Port Dalhousie /dəˈluːzi/ is a community in St. Catharines, Ontario, Canada. Known for its waterfront appeal, it is home to the Royal Canadian Henley Regatta and is historically significant as the terminus for the first three (19th century) routes of the Welland Canal, built in 1820, 1845 and 1889.

==Etymology==
Port Dalhousie is named after George Ramsay, 9th Earl of Dalhousie, Governor General of British North America. Dalhousie also gave his name to Dalhousie University in Halifax, Nova Scotia, and to the town of Dalhousie, New Brunswick.

Dalhousie pronounced his own name 'dal-HOW-zee', but this community's name is pronounced locally as 'dal-OO-zee'. It is said that this is a result of the accent of the Scottish sailors and shipbuilders who frequented the Port's establishments (Dalhousie, himself a Scot, used the more upper-class English-sounding pronunciation).

==History==
Port Dalhousie was founded in 1826. The founding of Port Dalhousie was preceded by the development of the Welland Canal and the economic activity that it drew in the first half of the 19th century. While there was various small settlements in the area that went as far back as the 1790s, it was not until Nathan Pawling purchased several parcels of land to form a more formal community that he called “Port Dalhousie” after George Ramsay, 9th Earl of Dalhousie, then Governor-General of British North America. Following the purchase, Pawling placed an advertisement in the newspaper to attract new people to migrate to the community.

The opening of the Welland Canal created a boom in shipbuilding and repair. Alexander Muir and his brothers began the Muir Dry Dock in 1850. The dry docks closed in 1946 and were moved to Port Weller.

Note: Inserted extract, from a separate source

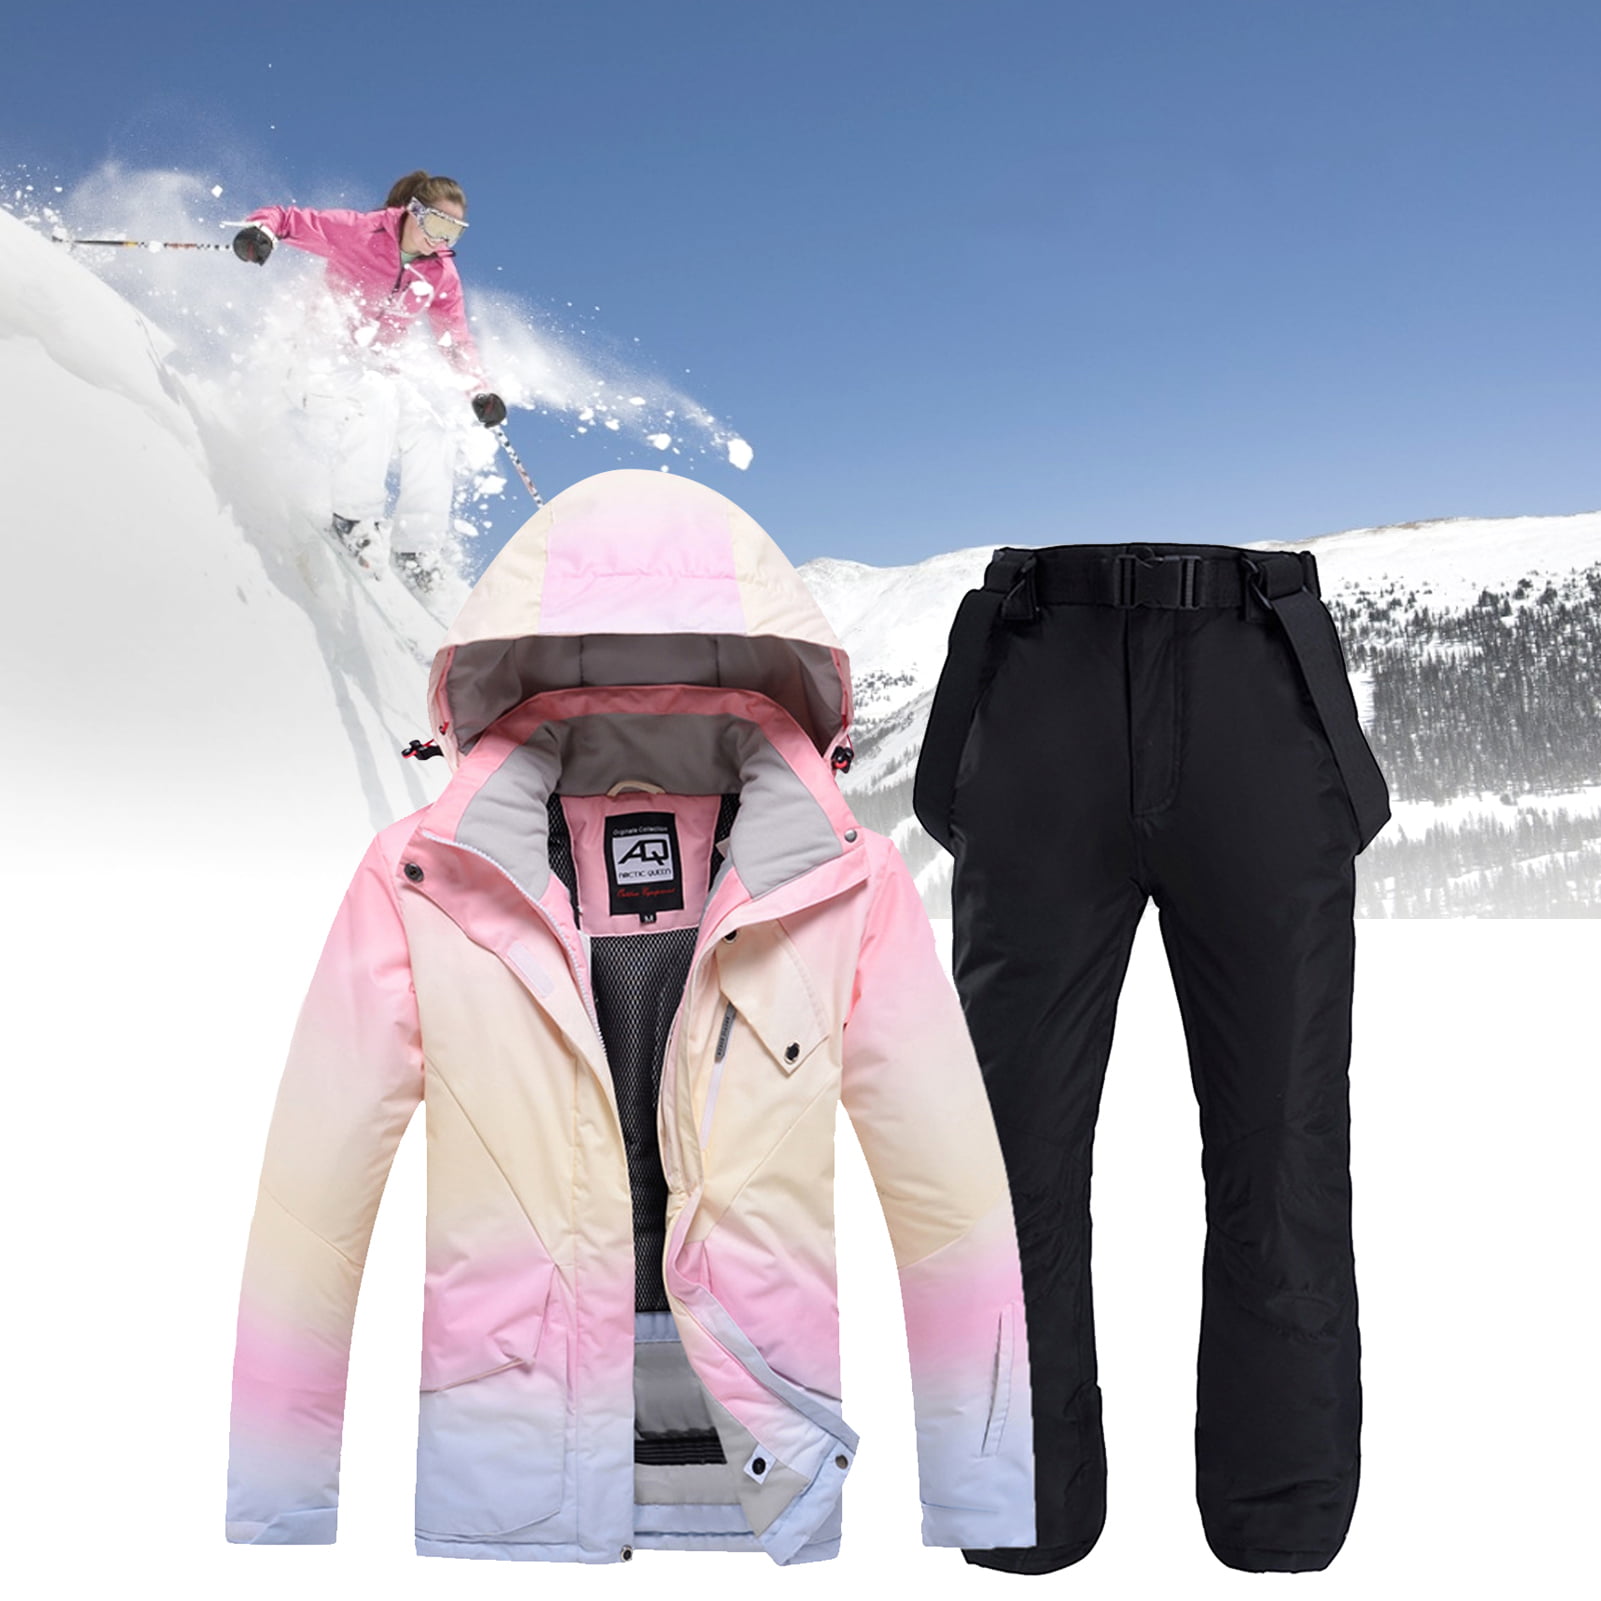 Snow Pant Details about   Shining Men's Women's Snow Suit Snowboarding Outdoor Winter Jacket

The outer lighthouse was built in 1879 and the inner lighthouse was built in 1893. The inner lighthouse was struck by lightening in 1898 and burnt down. It was rebuilt the same year.

In 1903, the St. Catharines Rowing Club began to permanently host the Royal Canadian Henley Regatta at the Martindale Pond.

Throughout the 1960s, the City of St. Catharines successfully petitioned to annex various adjacent parcels of land. Along with Grantham Township and the Town of Merritton, Port Dalhousie was amalgamated with St. Catharines on January 1st, 1961.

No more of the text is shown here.